As is clear from these figures, the sample containing the X component (black tea extract) is less likely to gain weight even if the same calorie equivalent is consumed compared to the control sample not containing it. Even if it has characteristics, it strongly suggests that the X component (black tea extract) suppresses the weight gain of rats and is effective in preventing metabolic syndrome.

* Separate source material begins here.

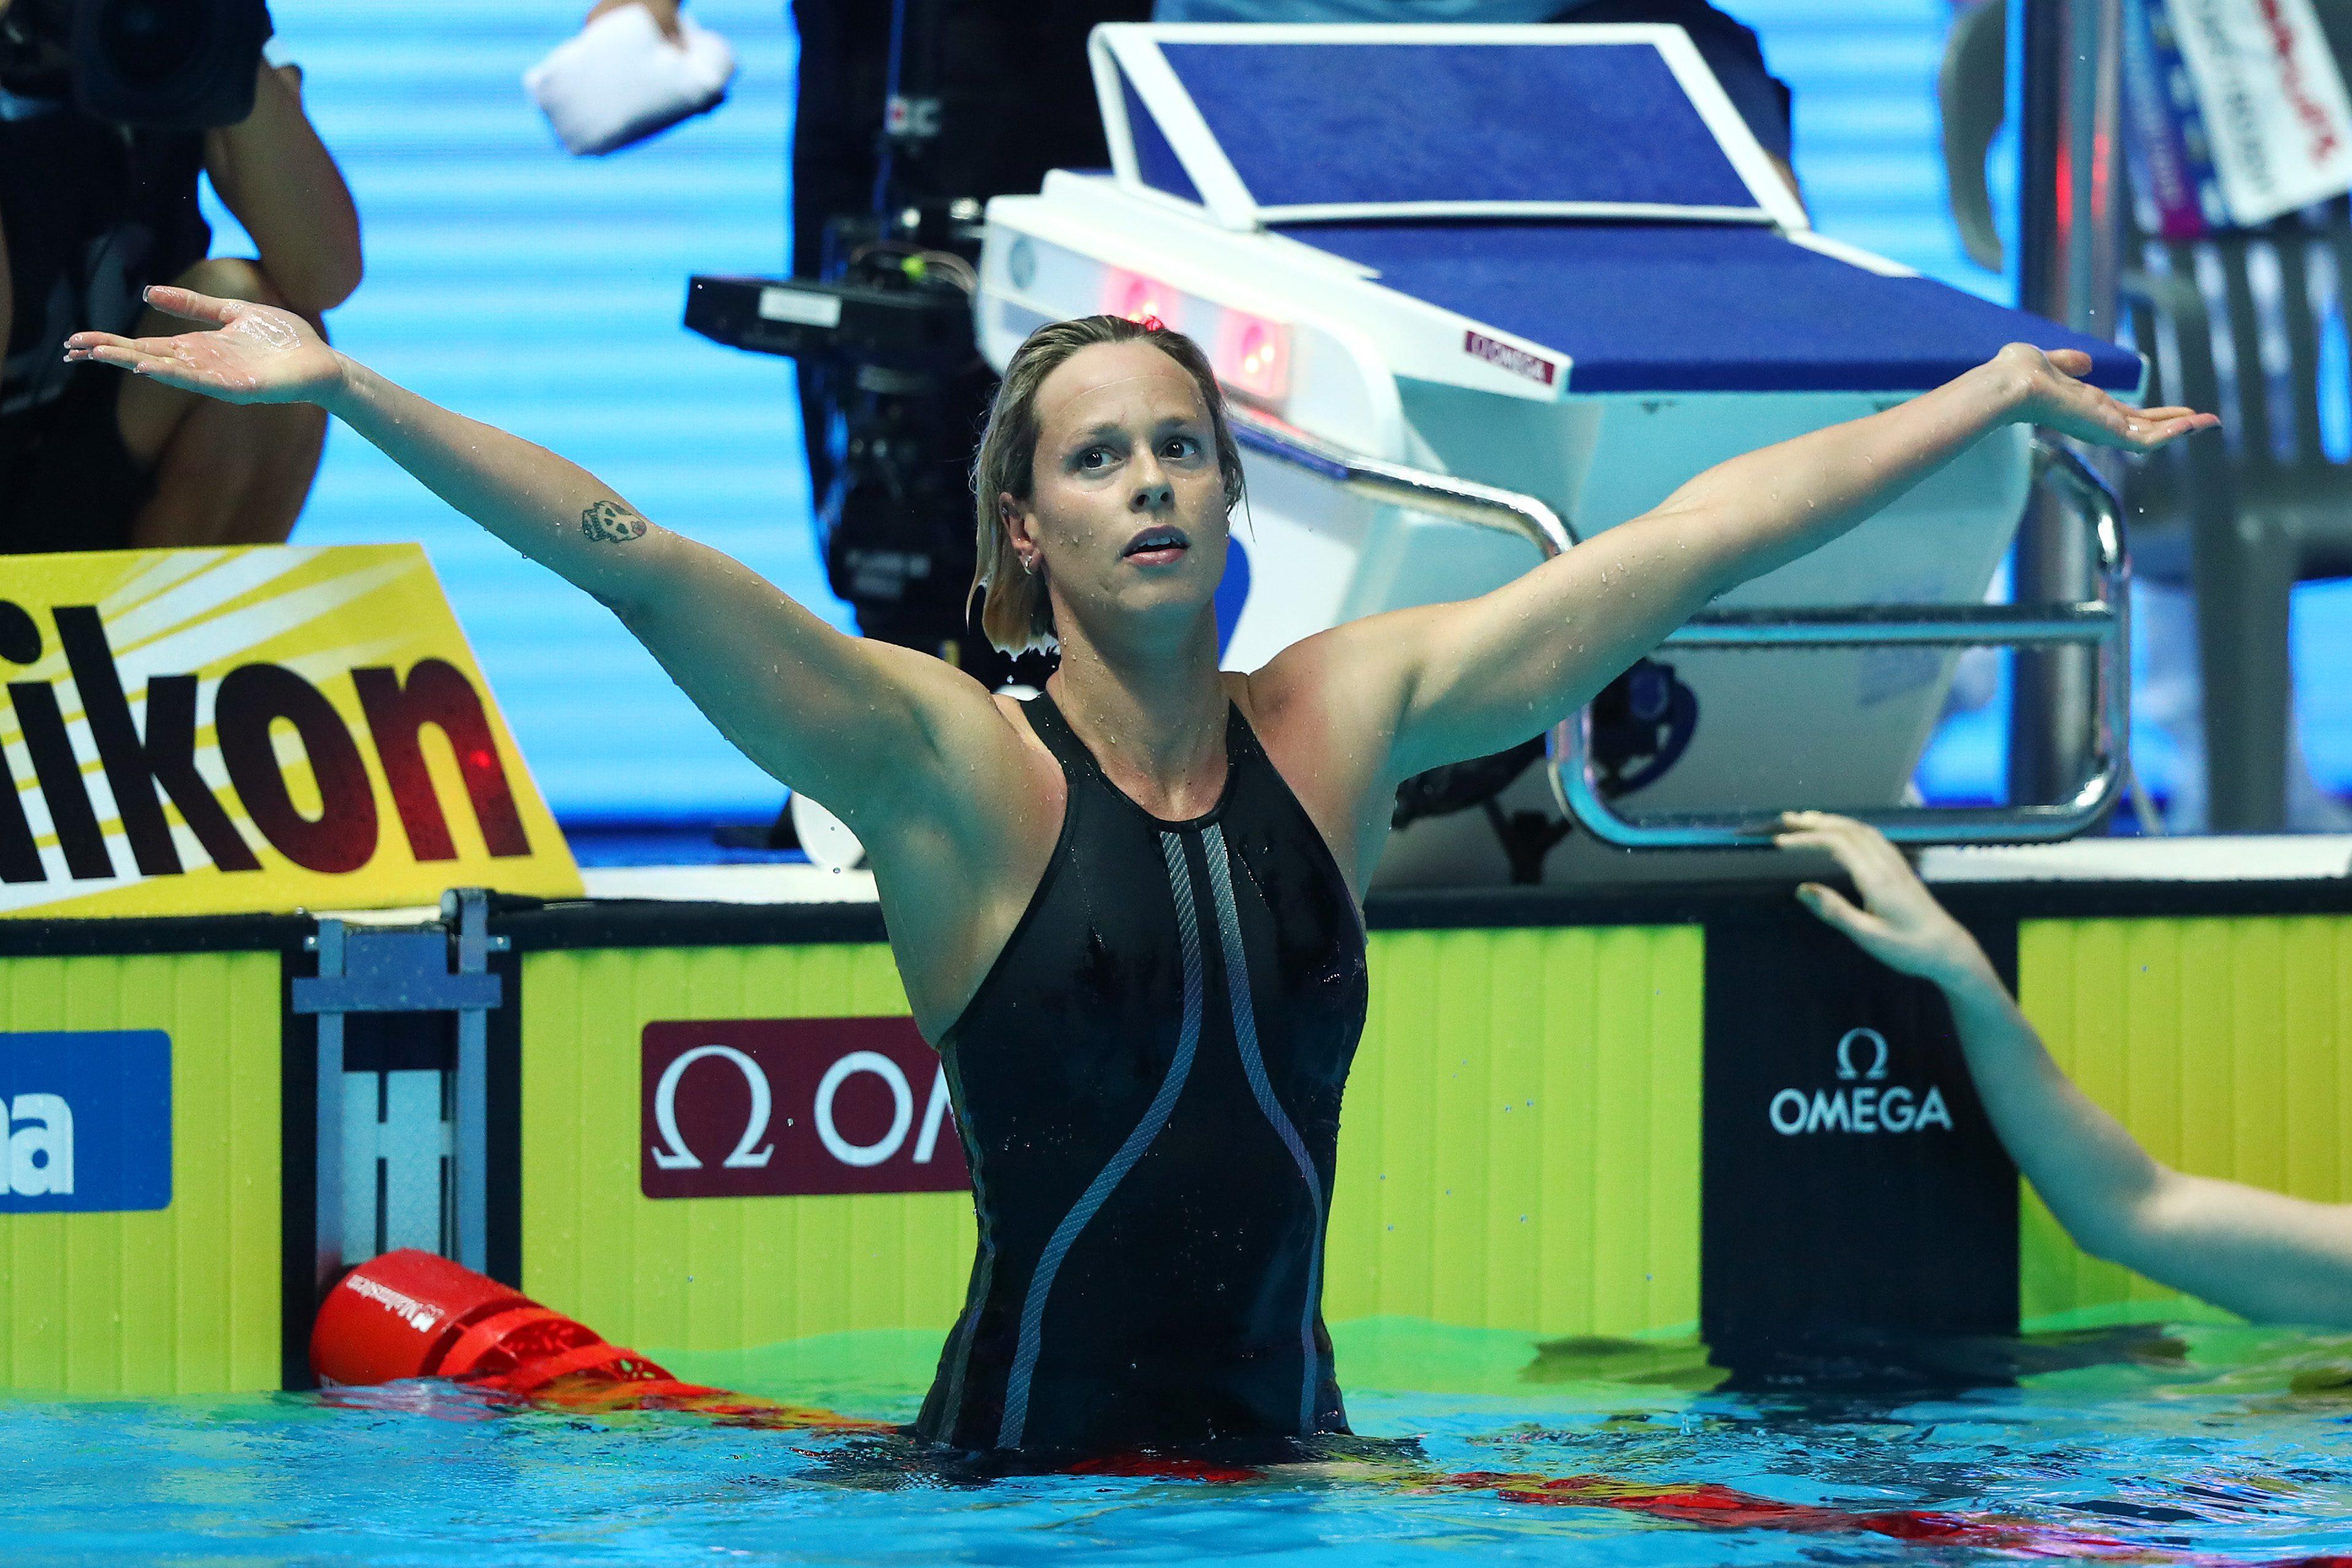 69e662cedb9f Mondiali Nuoto 2019, Federica Pellegrini vince l'oro nei 200 stile libero

<Acute oral toxicity test (animal safety test)>
For the X component, an acute oral toxicity test using rats was requested from the Japan Food Analysis Center.
The test group was administered with a sample at a dose of 150 mg / kg, and the control group was orally administered with water for injection as a solvent control to male and female rats once and observed for 14 days.
As a result, no abnormalities or deaths were observed during the observation period.
From this, it was considered that the LD50 value by single oral administration in the rat of the sample was 150 mg / kg or more in both sexes.

<Reversion mutation test>
For the black tea extract containing the X component, a reverse mutation test was requested from the Japan Food Analysis Center.
The test method uses Escherichia coli WP2uvrA and four Salmonella typhimurium TA strains in accordance with the attached “Genotoxicity Test Guidelines” of “Guidelines on Genotoxicity Tests of Drugs” (November 1, 1999, Pharmaceutical Trial No. 1604). Was done.
The sample dose was 313-5,000 μg / plate.
As a result, an increase in the number of revertant colonies was not observed.
From the above, it was concluded that the reverse mutagenicity of the specimen under the test conditions was negative.

The compound of the present invention specified by the above formula 1 suppresses an increase in blood glucose level, reduces neutral fat, improves liver function, suppresses an increase in blood pressure, improves cholesterol metabolism or kidney function, improves brain function, prevents Alzheimer's disease It is effective for treatment and not only enables further utilization of tea leaves, but also enables chemical synthesis of this compound by elucidating the structure.

  Since the pharmaceutical composition containing the specific compound according to the present invention has excellent pharmacological properties, the specific compound can be supplied as a non-toxic solvent solution of powder or water, acetic acid or ethanol. It is highly likely to be widely used in the tea manufacturing industry and the pharmaceutical manufacturing industry where this specific compound can be supplied.

Claims (1)

Characterized in that it contains a compound represented by the following formula 1, improving liver function, pharmaceutical compositions for use in improving cholesterol metabolism improvement or renal function.